Diese Position der Europäischen Linken muss ausgebaut werden. Die Vorstellungen mancher Linker von einem Rückzug aus dem europäischen Projekt und der Mobilisierung je nationaler Bewegungen sind völlig unrealistisch. Isoliert würde keine nationale linke Bewegung und auch keine Wirtschaft sich gegen eine Offensive des transnationalen Kapitals behaupten können. Ganz davon abgesehen, dass national keine Mehrheiten für eine solche fundamentale Umorientierung der Politik in Sicht sind. Anders sieht es auf europäischer Ebene aus. Syriza hat in Griechenland die realistische Möglichkeit, zur stärksten Partei zu werden. Ein Erfolg bei den EU-Wahlen wäre der erste Schritt zur Übernahme der Regierung. Syriza will dann mit der EU-Kommission, der Troika und allen Austerity-Gewaltigen in Europa die Bedingungen der Sanierung des Landes und die Umorganisation des gesamten Europa-Gebäudes neu verhandeln. Die Schulden müssen untersucht und neu bewertet werden. Nur ein Bruchteil davon wäre zurück zu zahlen. Die Beziehungen zwischen den EU- und Euroländern wären gründlich zu überarbeiten. Ziel wären nicht zuletzt ausgeglichene Leistungsbilanzen, so dass kein Land mehr zum Schuldner und keines mehr zum allgewaltigen Gläubiger des anderen werden könnte. Statt hemmungslosem Wettbewerb und der Dominanz des wirtschaftlich Stärkeren wäre ein ökonomisches, soziales und ökologisches Modell anzustreben, das auf Solidarität, sozialer Gerechtigkeit und Souveränität der Völker beruht.
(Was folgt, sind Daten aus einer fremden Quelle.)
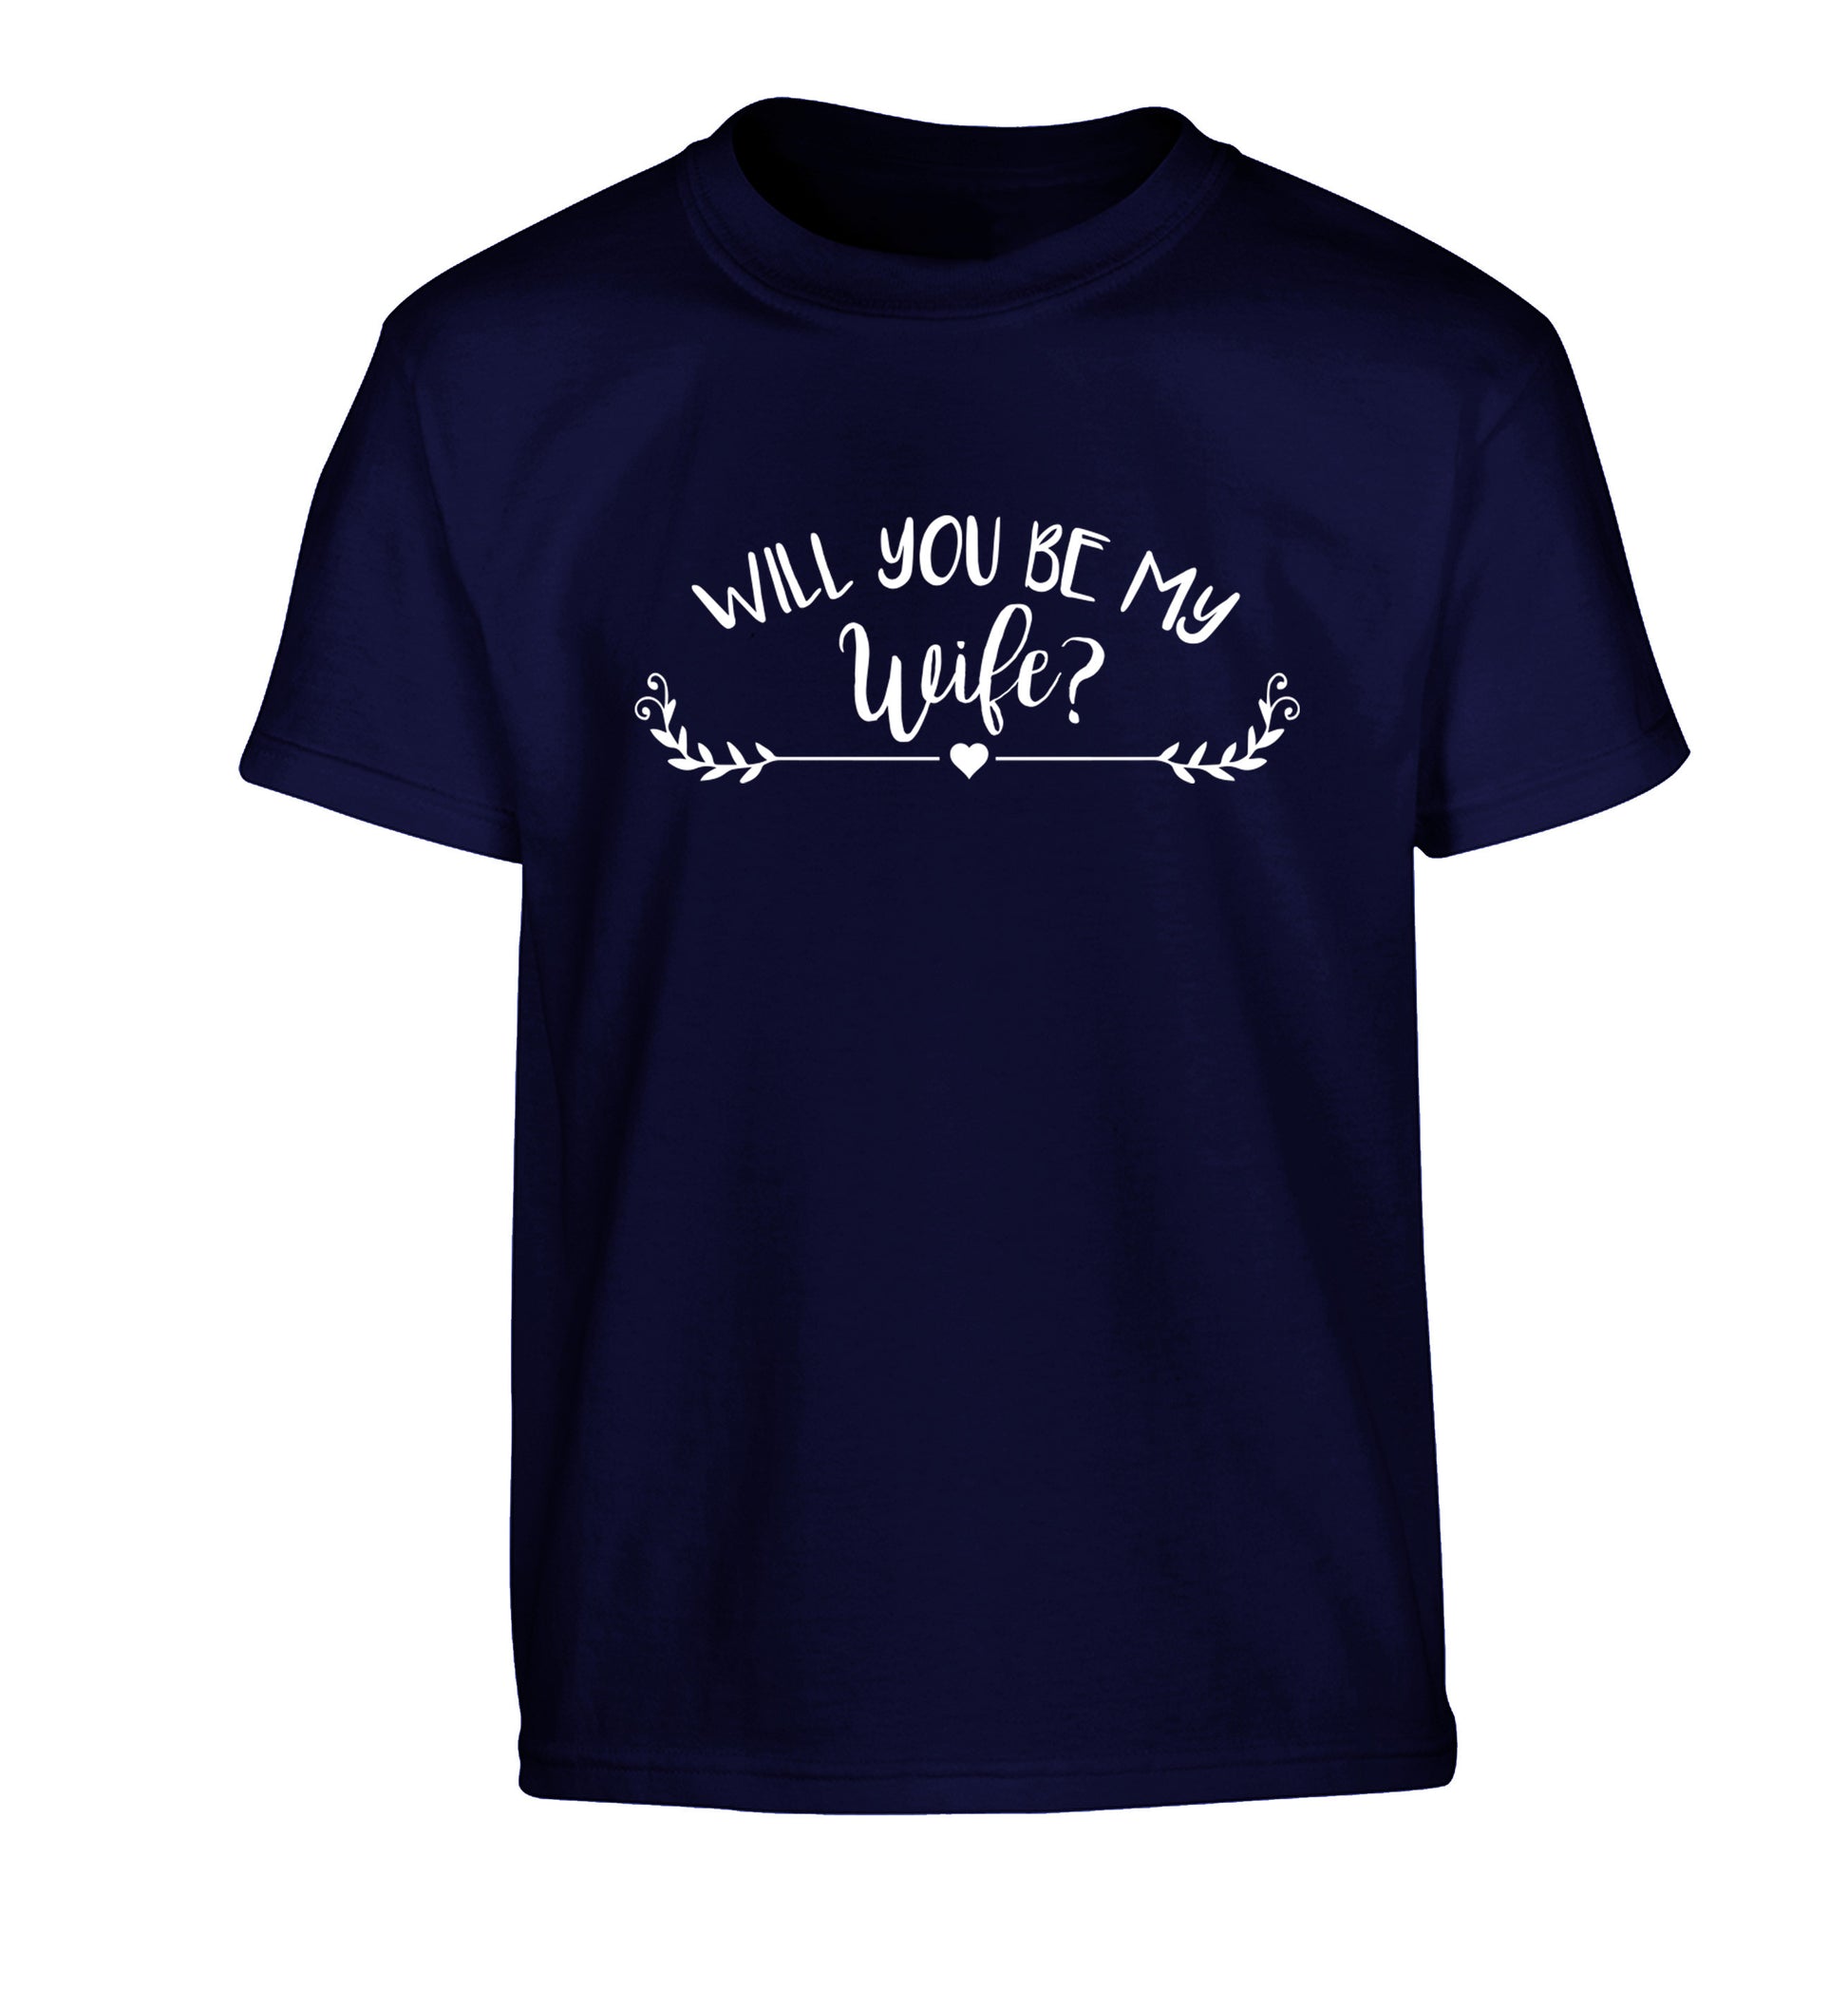 Will you be my wife? Children's navy Tshirt 12-14 Years
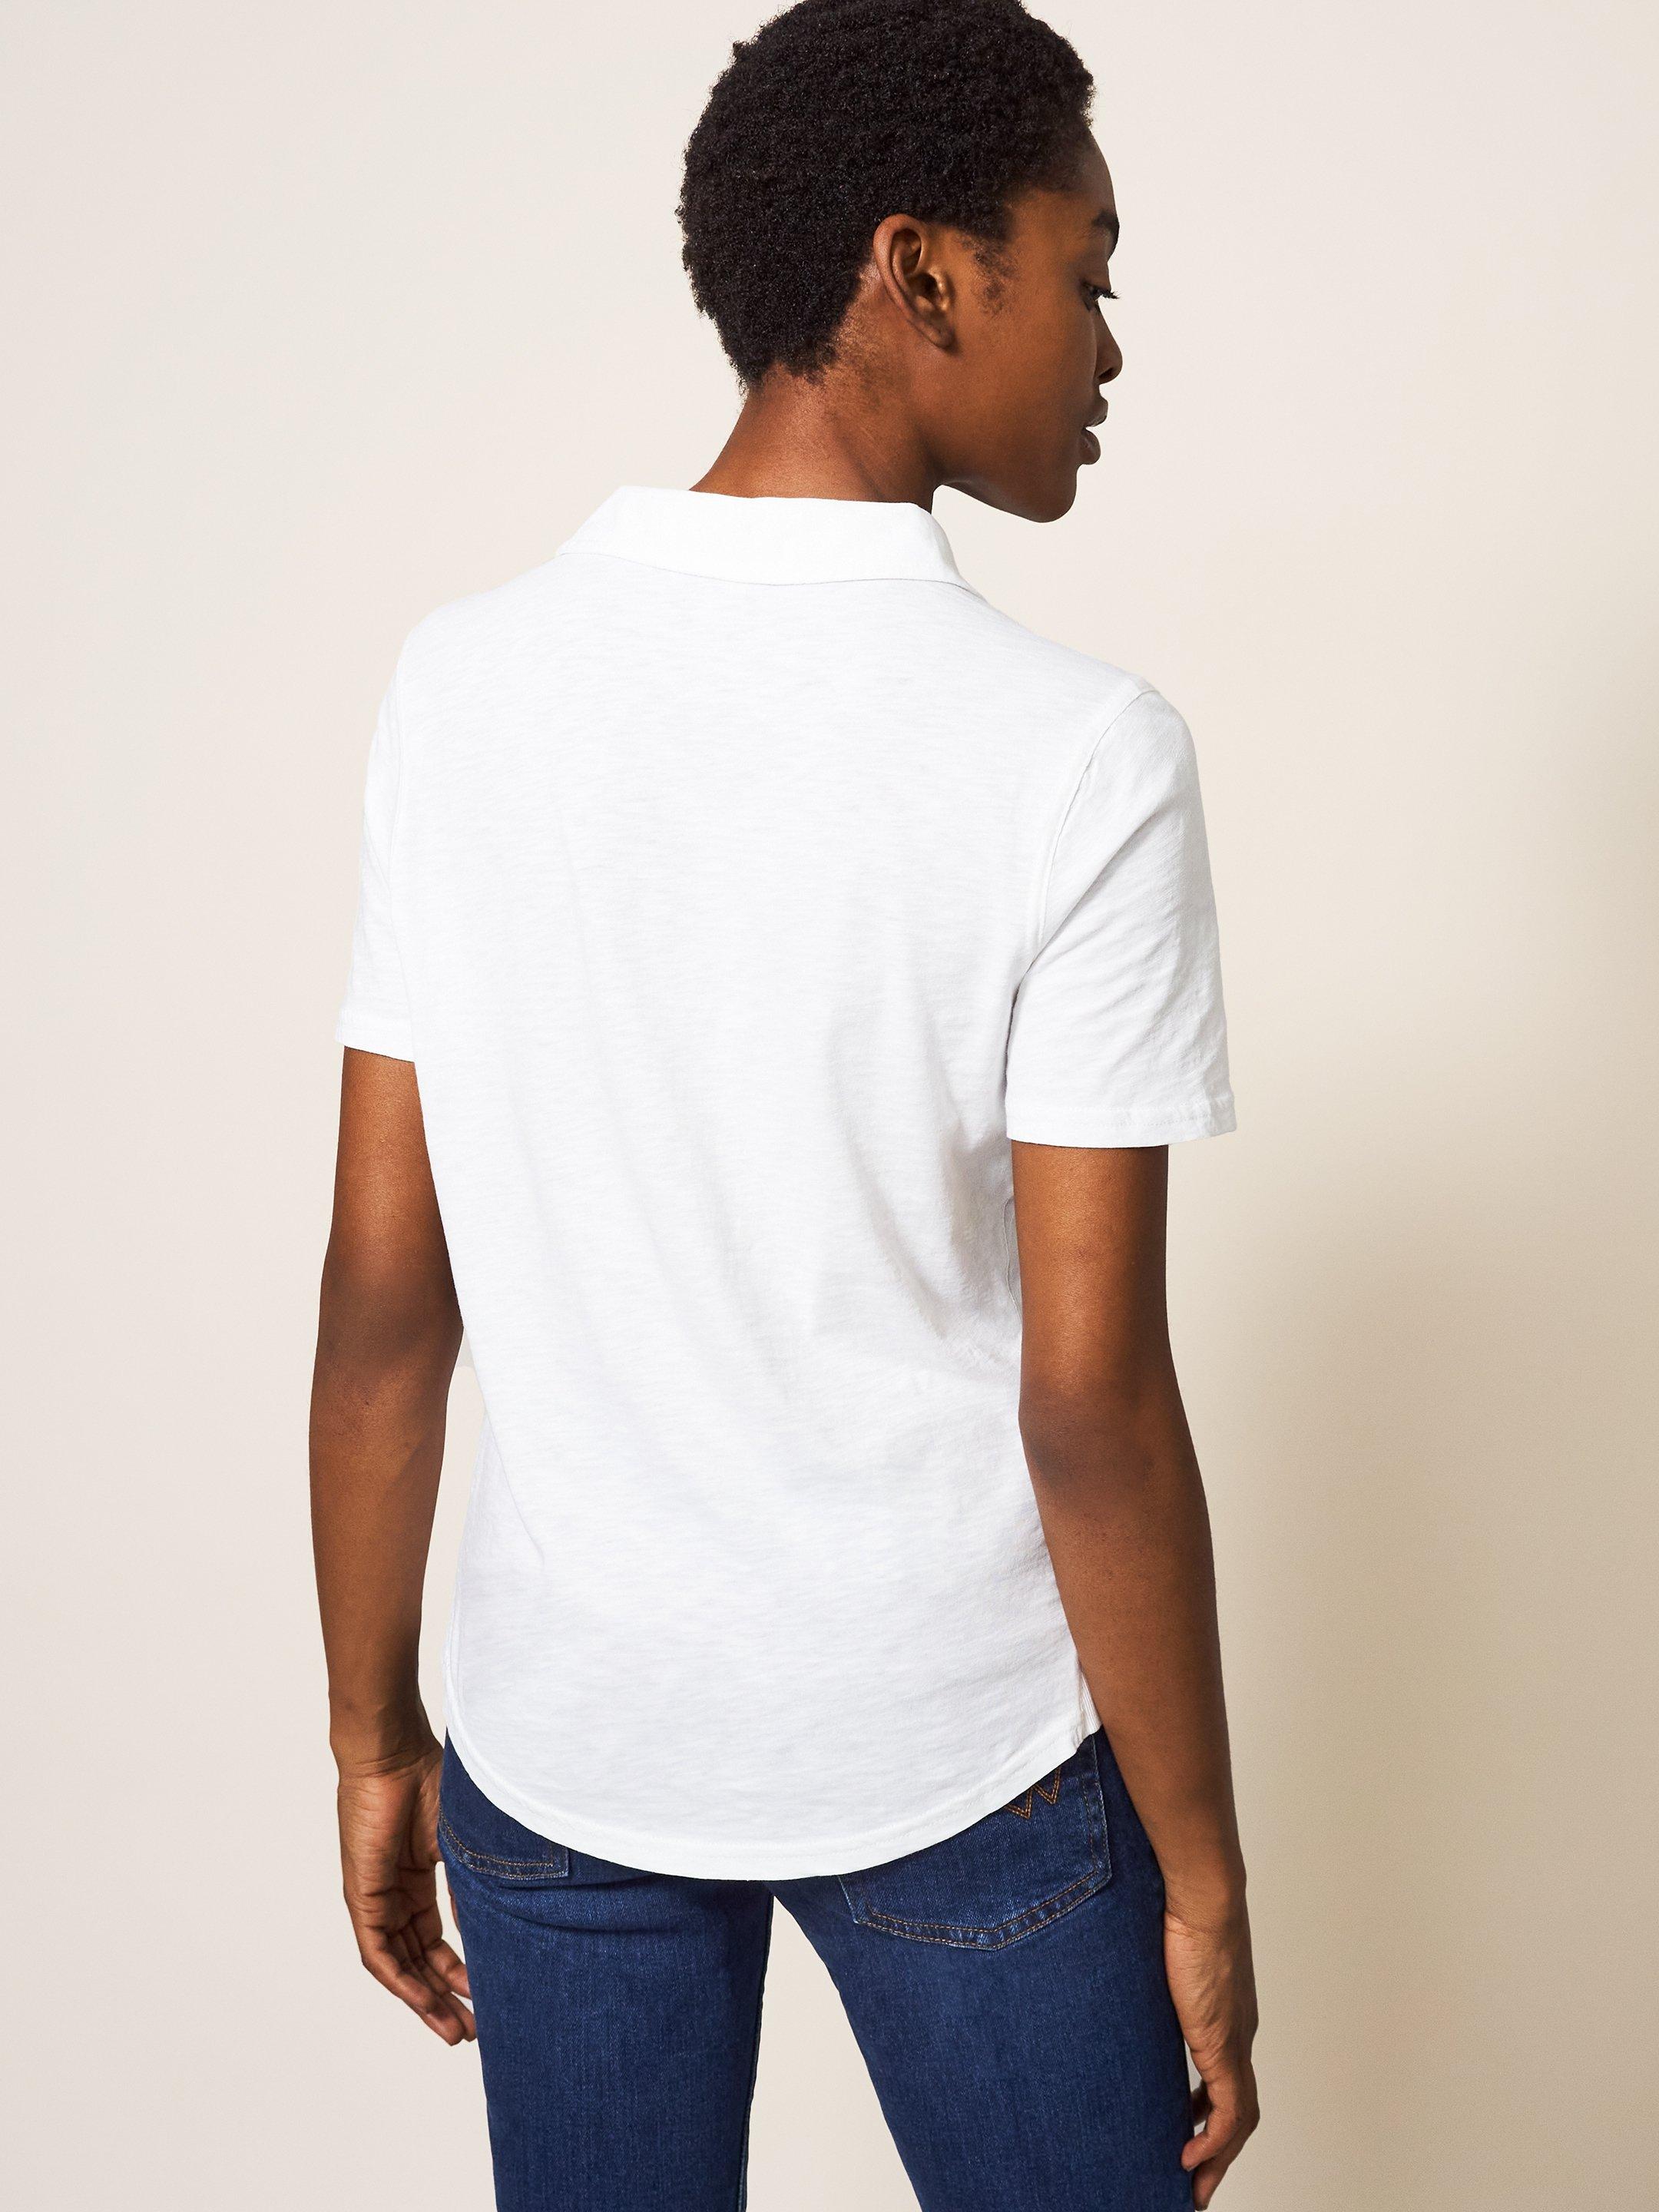 Penny Pocket Jersey Shirt in BRILLIANT WHITE | White Stuff

Eine solche Politik könnte nur dann erfolgreich sein, wenn sie nicht nur in Griechenland eine Mehrheit bei den Wählern fände, sondern von einer sozialen Massenbewegung in ganz Europa unterstützt würde. Der Umschwung in Griechenland könnte den Impuls für eine Kehrtwende in Europa auslösen. Deshalb sind die EU-Wahlen 2014 von besonders großer Bedeutung. Jede Stimme mehr für die Parteien der Europäischen Linken ist eine Stimme für diese Kehrtwende, die in Sichtweite rückt. Sie ist ein Impuls für die sozialen Bewegungen und die Gewerkschaften, ohne deren aktives Eingreifen in die Auseinandersetzungen ein alternatives Europa nicht zustande kommen kann.